Dallas Theater Center premieres “The School for Wives”


Men can start companies, conduct experiments, and solve the hardest of political dilemmas. But there’s just one issue they haven’t been able to figure out for, well, ever. What is the problem that has plagued the male species throughout history? Women.

The Dallas Theater Center’s new production, “The School for Wives,” tells the story of Arnolphe, a foolish man who thinks he has devised a plan for the “perfect marriage” and finally figured out how to handle women. Originally written by Moliere in 1663, this comedic tale has a foundation of brilliant writing, but the Dallas Theater Center took the script to a whole new level.

Poor Arnolphe’s plan goes like this. Have nuns raise a beautiful child in a place with no outside contact. Keep her cleverness to a minimum. Once this lovely yet stupid maiden comes of age, place her in a house with two even more unintelligent butlers to keep her in the house. And his ultimate scheme? Marry this much younger ditz who lacks the intelligence to cheat on him and make him a dreaded “cuckhold.” Did this plan of his work? Well what do you think? SPOILER ALERT: He failed miserably.

Arnolphe’s grand concoction takes a turn for the worst when a young charmer graces the town with his presence and falls for Anolphe’s marital project, Agnès. Now considering Agnès doesn’t exactly possess the greatest sense of discernment of right and wrong, she falls for Horace, the young player, and Arnolphe’s plan starts to hilariously unravel.

Horace, not the brightest either, chooses Arnolphe as his sole confidant to his passionate love affair. The play spends the majority of its running time following Arnolphe as he enlists the help of his two loyal idiots, Georgette and Alain, to prevent Horace and Agnès from canoodling (even though Agnès has no idea what that means. Google it, honey.)

Arnolphe’s preventive measures, which involve bricks, clubs, and beatings (Arnolphe doesn’t overreact at all of course), soon end up actually benefitting Horace. In the end, Arnolphe ends up smothered in pie. I’m not going to tell you how that happens because I want you to see it. And I’m not an idiot, I know you like sugarcoated endings (and terrible puns.)

The DTC knocked it out of the park with “The School for Wives.” The script was solid. The physical comedy was uproarious. The actors were brilliant. Everything just worked. Chamblee Ferguson led the cast as Arnolphe and handled the comedy and immense amount of dialogue with advanced skill.

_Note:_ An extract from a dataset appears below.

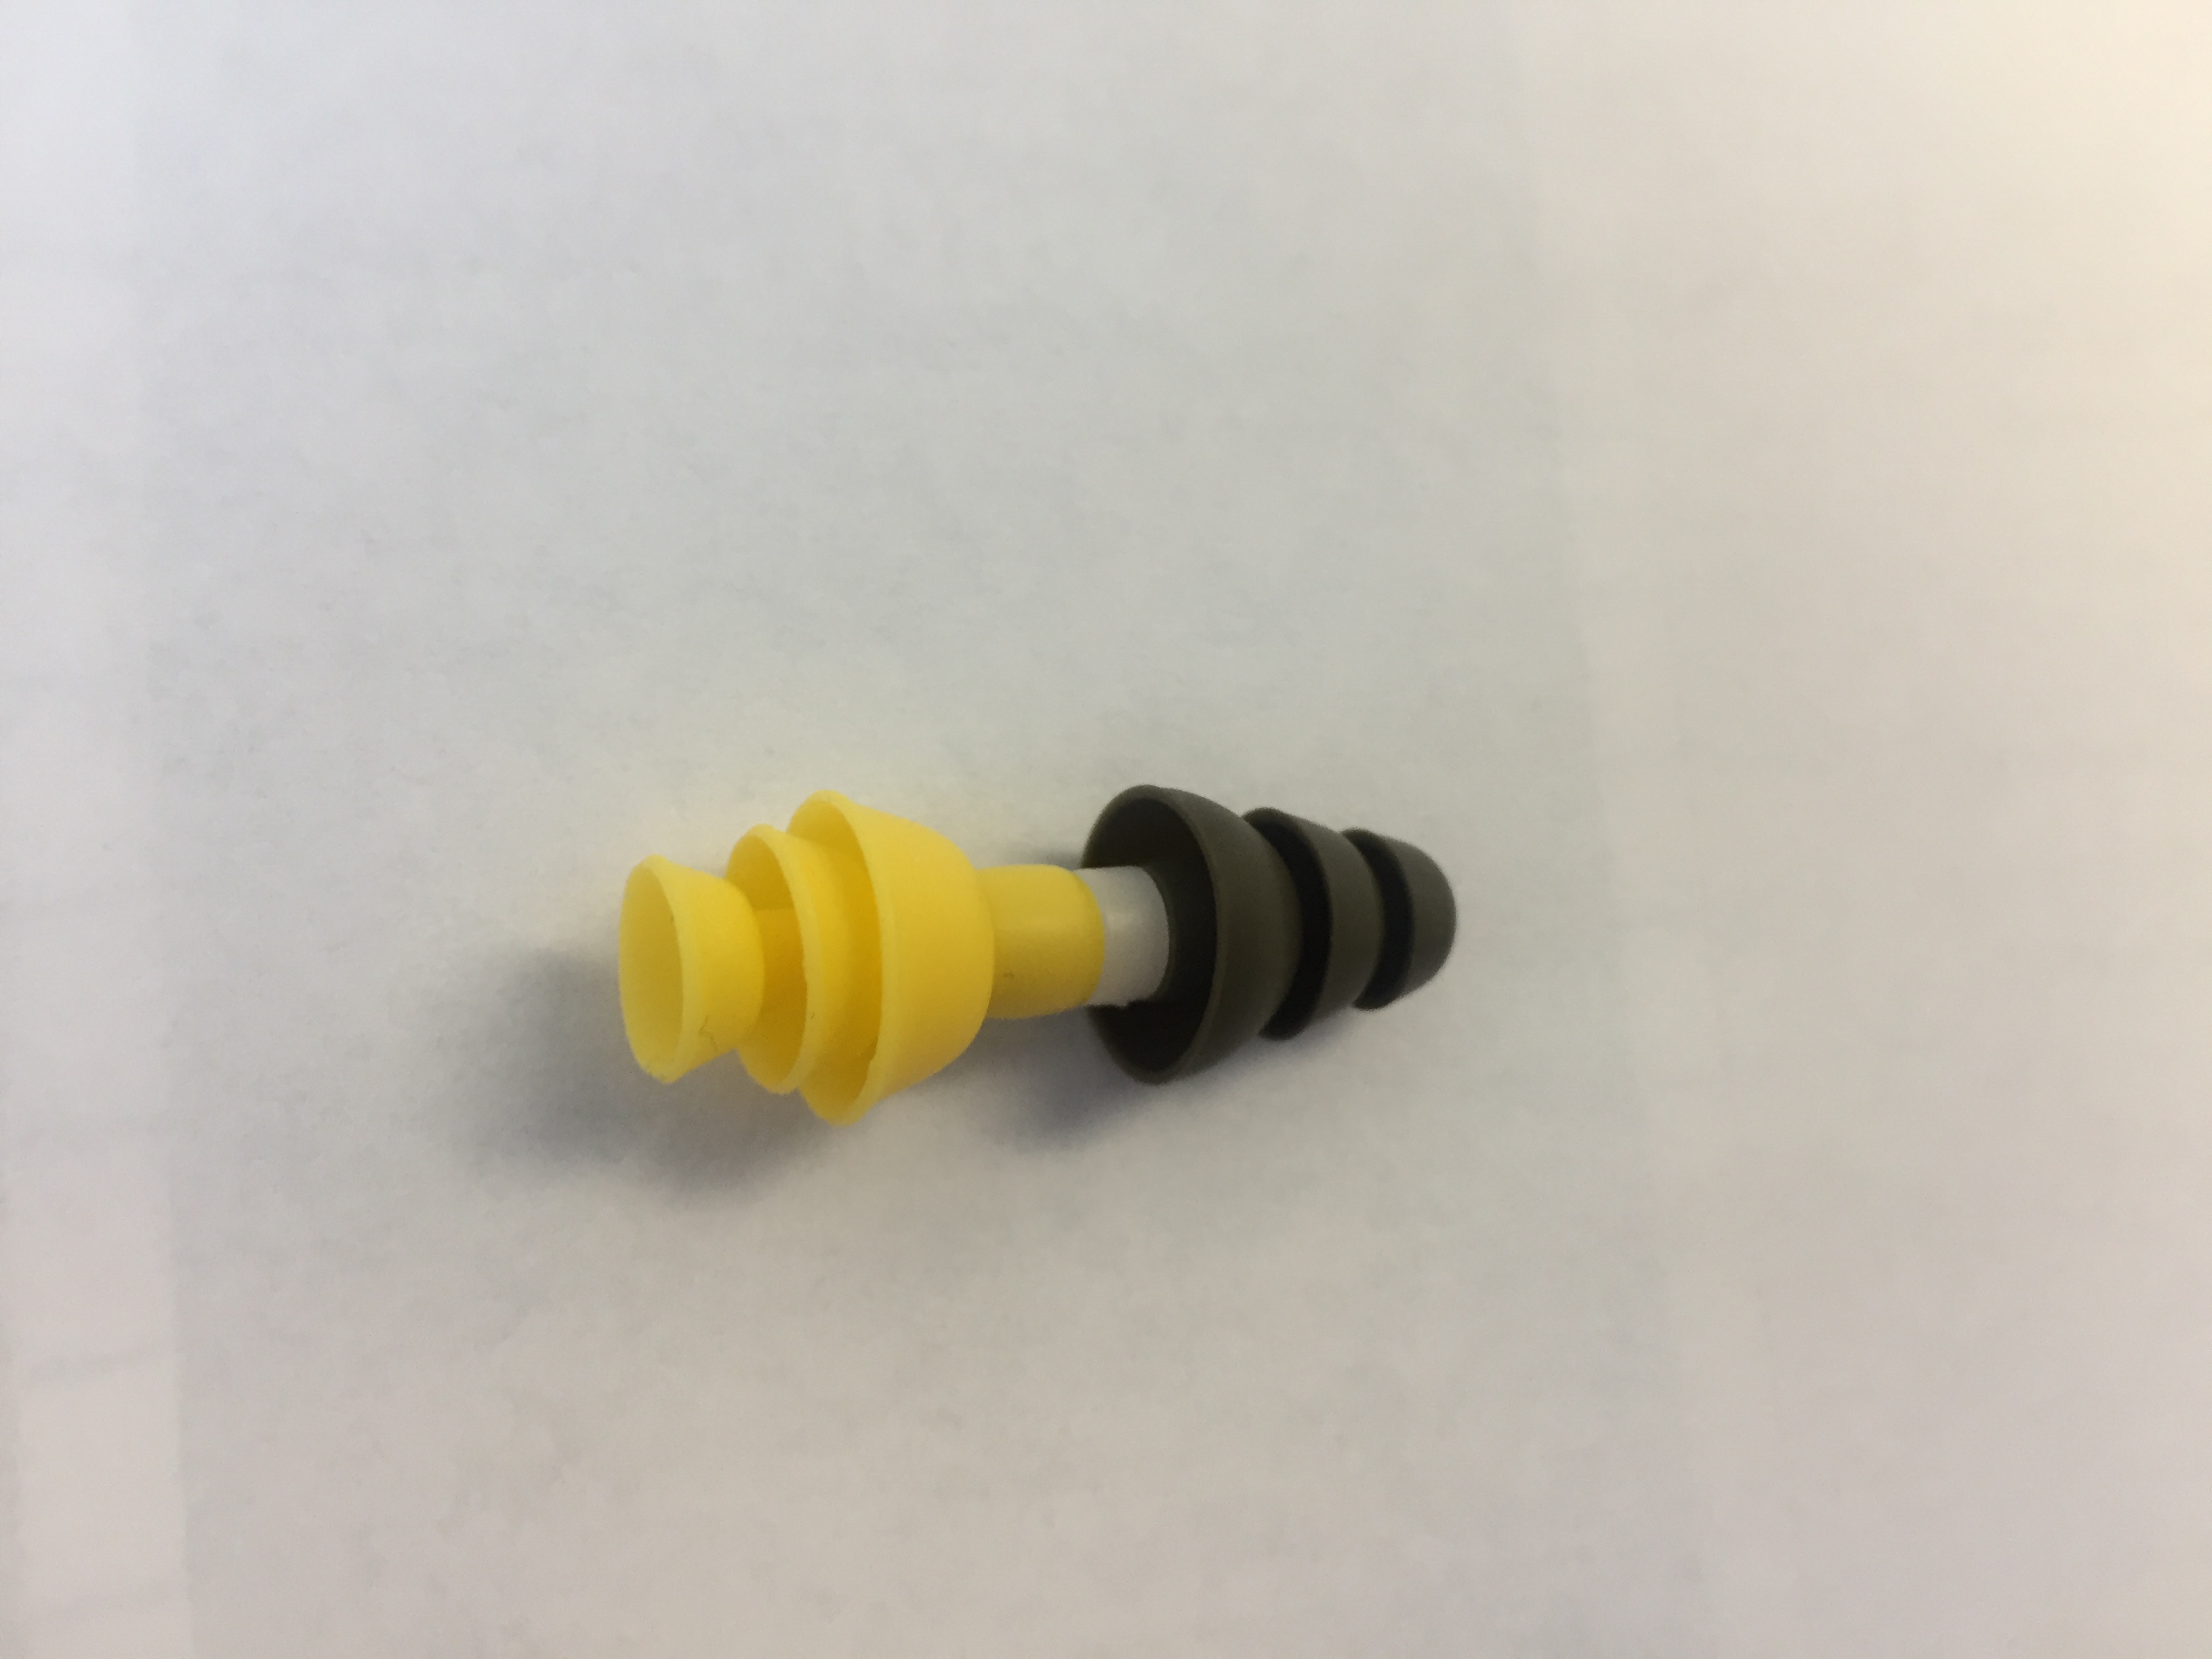 defective 3M military earplug with yellow flanges folded back
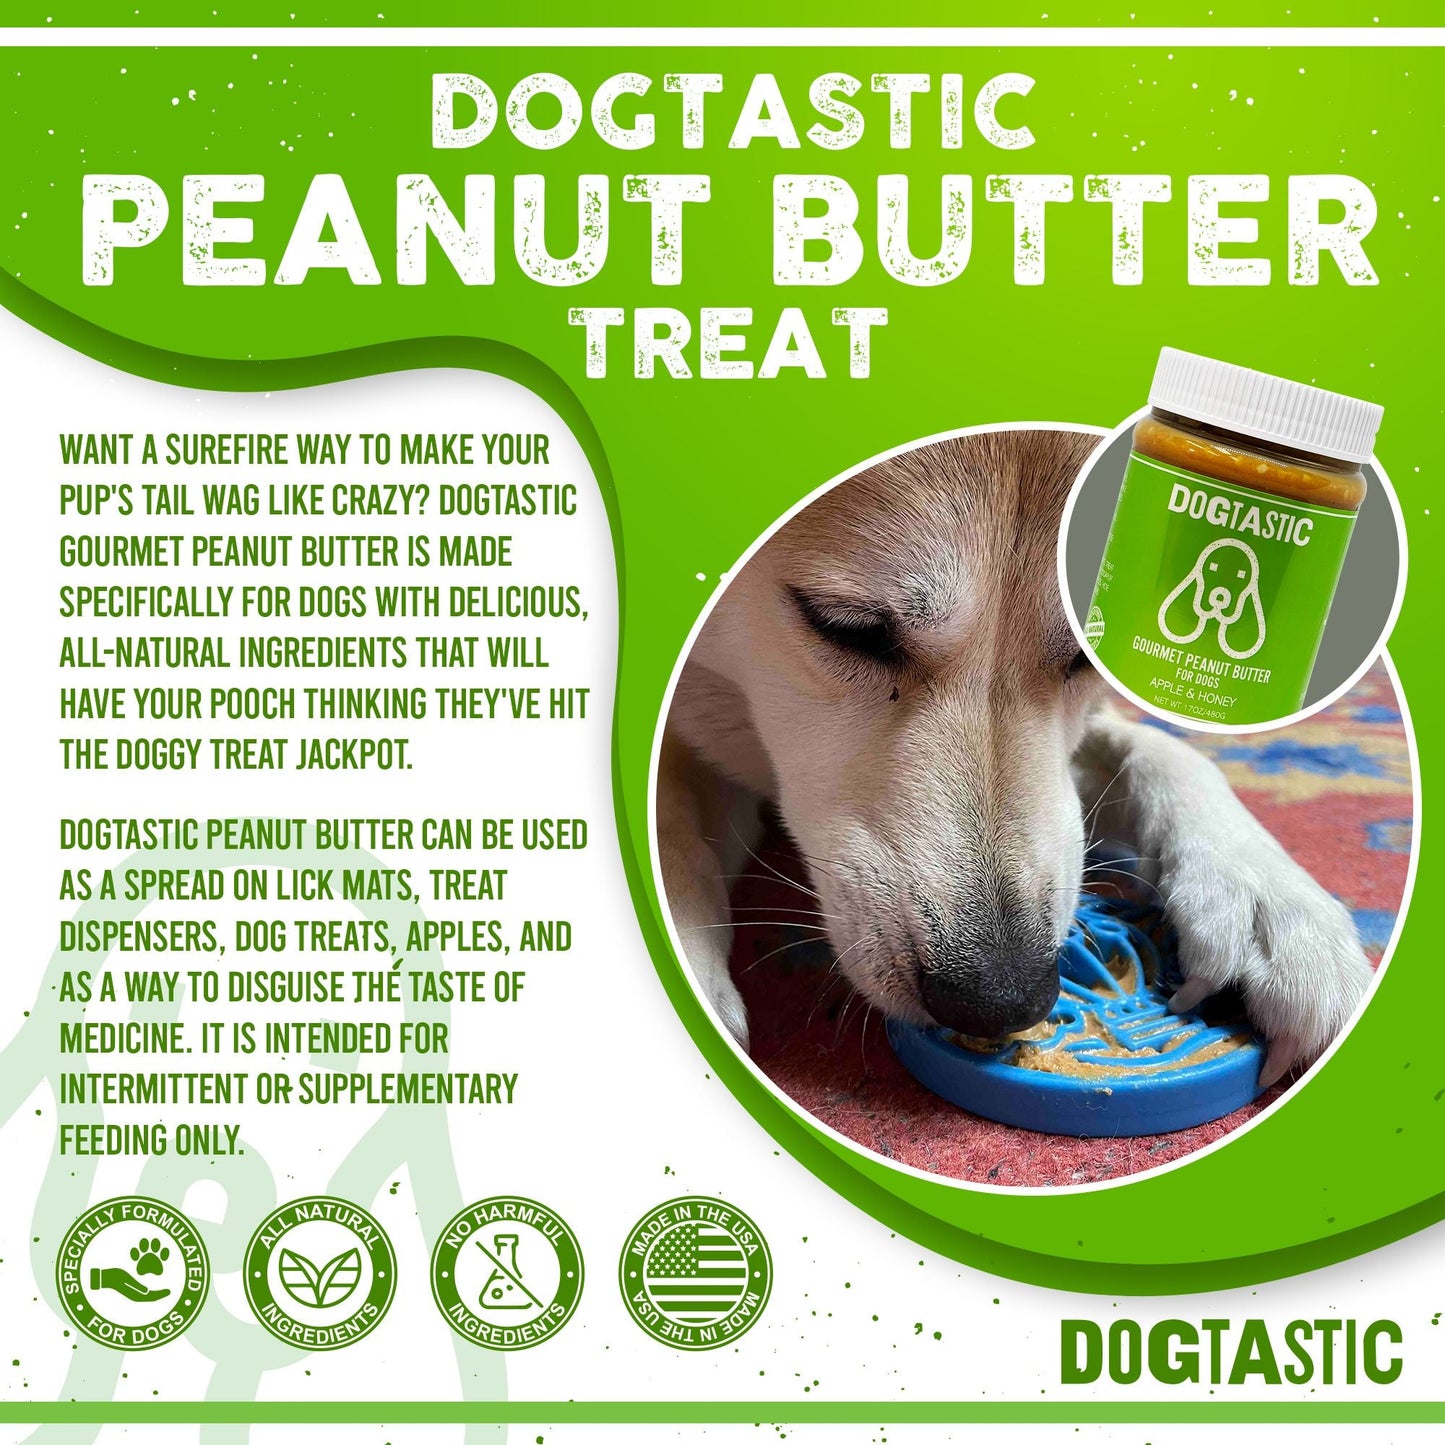 DOGTASTIC Gourmet Peanut Butter for dogs - HONEY FLAVOR T&T

Liz Mikel (Georgette) and Chris Hury (Alain) had the crowd rolling with their idiotic antics. Daniel Duque-Estrada brought a suaveness and charming air to Horace and was a unique choice for the part. Last but certainly not least, SMU’s own Morgan Lauré, took the stage as Agnès. Her personality and skill brought Agnès to life, and I actually believed she was hilariously incompetent for two hours. Well done, guys.

Let’s recap. “The School for Wives” brings us a few idiots running rampant all over the stage, failed romantic ventures, pie fights, two butlers who don’t even have enough sense to make it through a door, a likeable old pervert, and a hot girl locked in a house saved by some really uneducated version of Prince Charming. In other words, this play brings us comedic gold. I know I had you at Moliere (a.k.a. pie.)

Go catch “The School for Wives” at Kalita Humphreys Theater, which ends its run March 29. Tickets are on sale at dallastheatercenter.org.

Be prepared to laugh, potentially get sprinkled with a delectable dessert, and watch another man fail to understand the female species. Basically, “The School for Wives” has a lot in common with a college party. Sorry not sorry.